Re: [PATCH -v6 2/2] Updating ctime and mtime for memory-mappedfiles

From: Linus Torvalds
Date: Fri Jan 18 2008 - 17:23:00 EST




On Sat, 19 Jan 2008, Anton Salikhmetov wrote:
>
> The page_check_address() function is called from the
> page_mkclean_one() routine as follows:

.. and the page_mkclean_one() function is totally different.

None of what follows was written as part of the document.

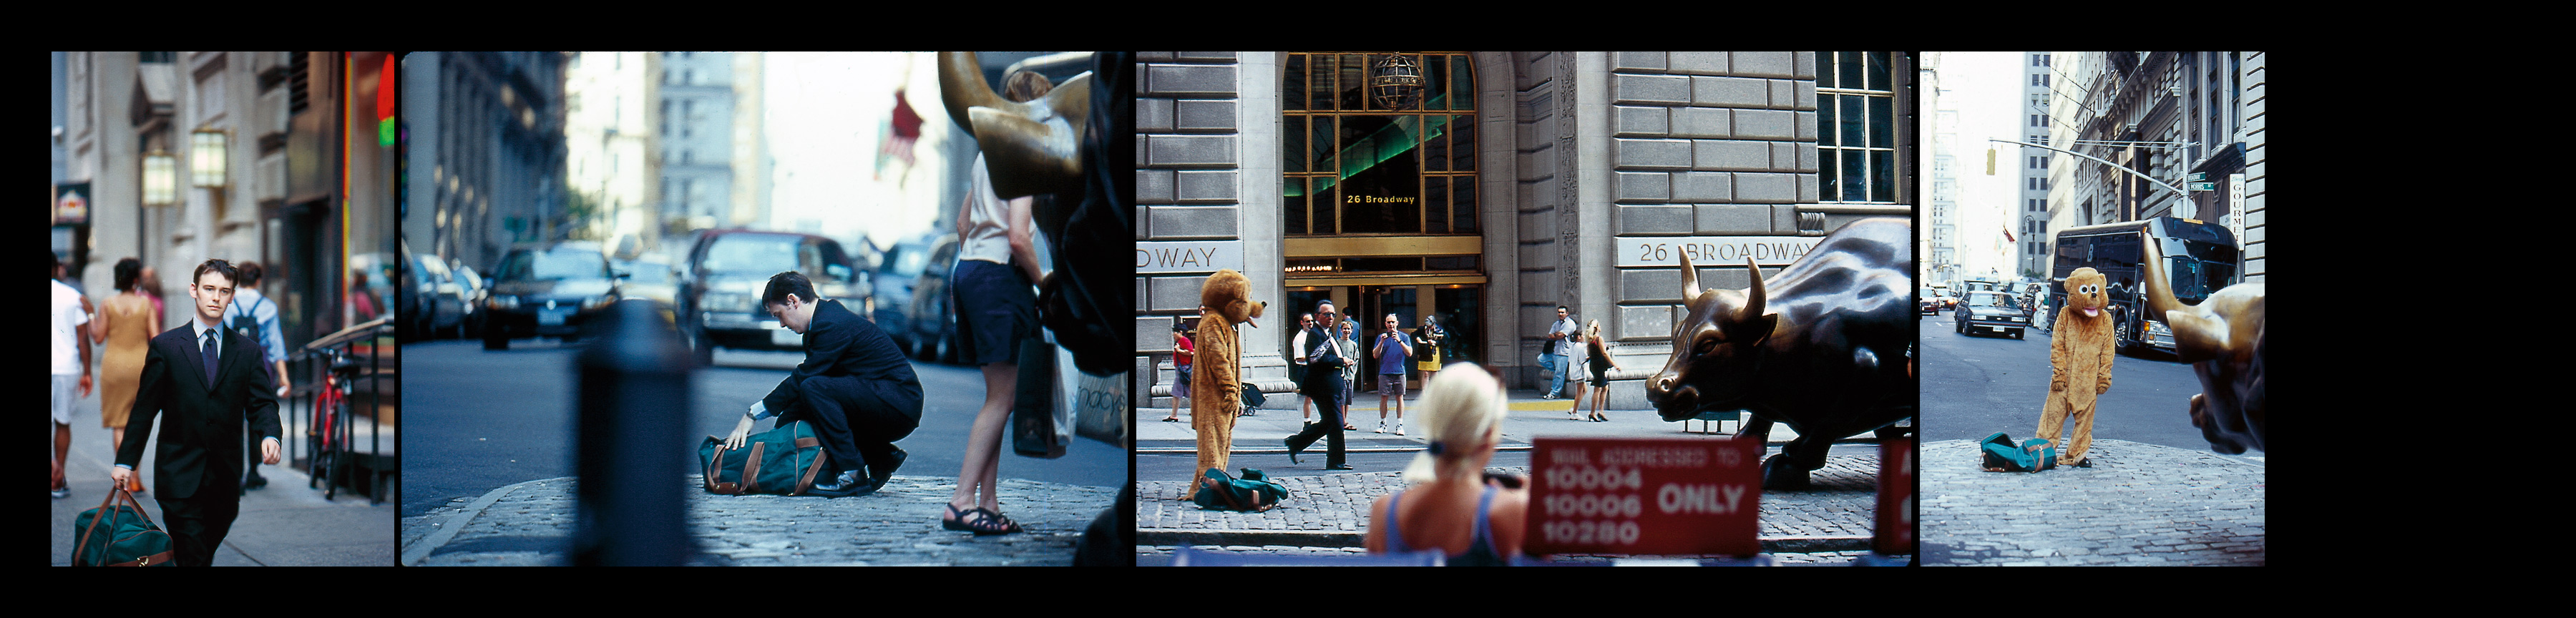 Diogenes (36 x 35mm slide transparencies), 1999/2011
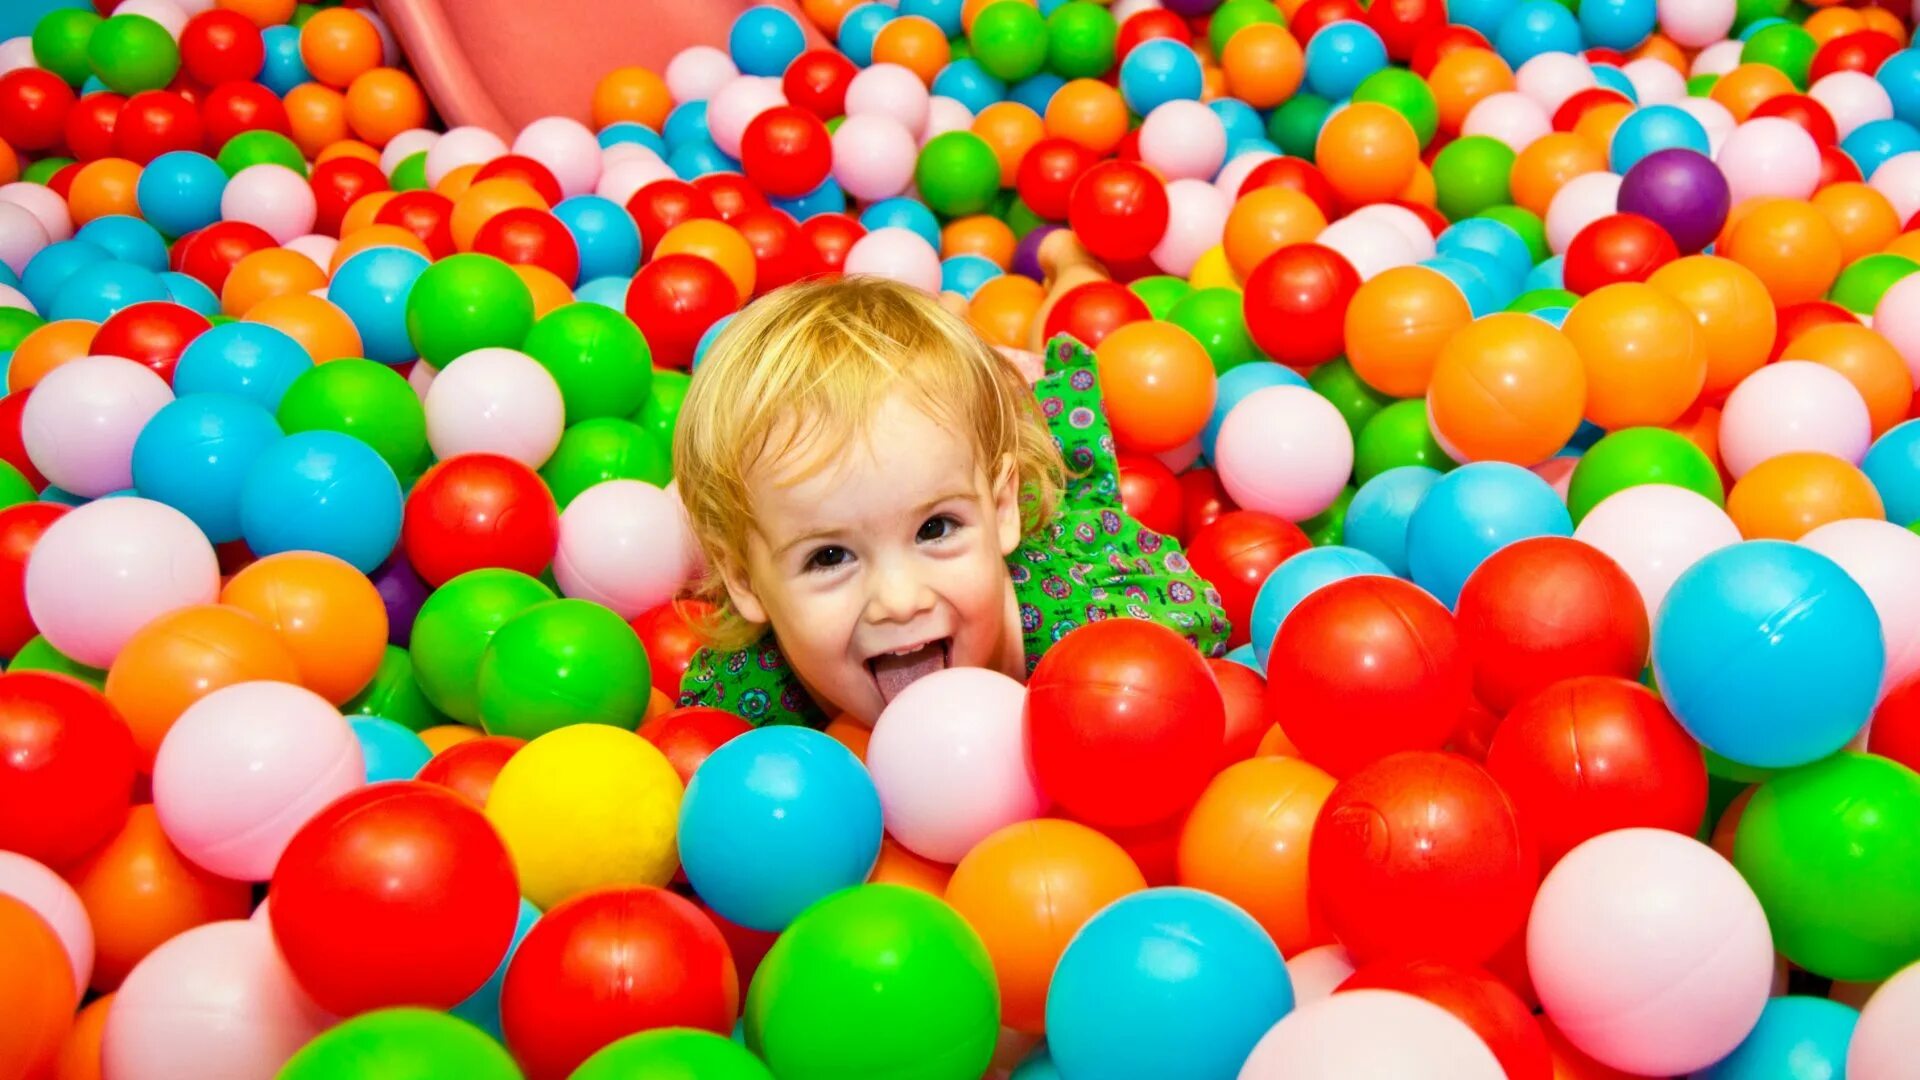 Бассейн с шариками для детей. Бассейн с шариками в игровой комнате. Бассейн с шарами детский. Разноцветные шарики в бассейне. Игра детская шары

Lookie here, this is the correct and complex sequence:

> entry = ptep_clear_flush(vma, address, pte);
> entry = pte_wrprotect(entry);
> entry = pte_mkclean(entry);
> set_pte_at(mm, address, pte, entry);

That's a rather expensive sequence, but it's done exactly because it has
to be done that way. What it does is to

- *atomically* load the pte entry _and_ clear the old one in memory.

That's the

entry = ptep_clear_flush(vma, address, pte);

thing, and it basically means that it's doing some
architecture-specific magic to make sure that another CPU that accesses
the PTE at the same time will never actually modify the pte (because
it's clear and not valid)

- it then - while the page table is actually clear and invalid - takes
the old value and turns it into the new one:

entry = pte_wrprotect(entry);
entry = pte_mkclean(entry);

- and finally, it replaces the entry with the new one:

set_pte_at(mm, address, pte, entry);

which takes care to write the new entry in some specific way that is
atomic wrt other CPU's (ie on 32-bit x86 with a 64-bit page table
entry it writes the high word first, see the write barriers in
"native_set_pte()" in include/asm-x86/pgtable-3level.h

Now, compare that subtle and correct thing with what is *not* correct:

if (pte_dirty(*pte) && pte_write(*pte))
*pte = pte_wrprotect(*pte);

which makes no effort at all to make sure that it's safe in case another
CPU updates the accessed bit.

Now, arguably it's unlikely to cause horrible problems at least on x86,
because:

- we only do this if the pte is already marked dirty, so while we can
lose the accessed bit, we can *not* lose the dirty bit. And the
accessed bit isn't such a big deal.

- it's not doing any of the "be careful about" ordering things, but since
the really important bits aren't changing, ordering probably won't
practically matter.

But the problem is that we have something like 24 different architectures,
it's hard to make sure that none of them have issues.

In other words: it may well work in practice. But when these things go
subtly wrong, they are *really* nasty to find, and the unsafe sequence is
really not how it's supposed to be done. For example, you don't even flush
the TLB, so even if there are no cross-CPU issues, there's probably going
to be writable entries in the TLB that now don't match the page tables.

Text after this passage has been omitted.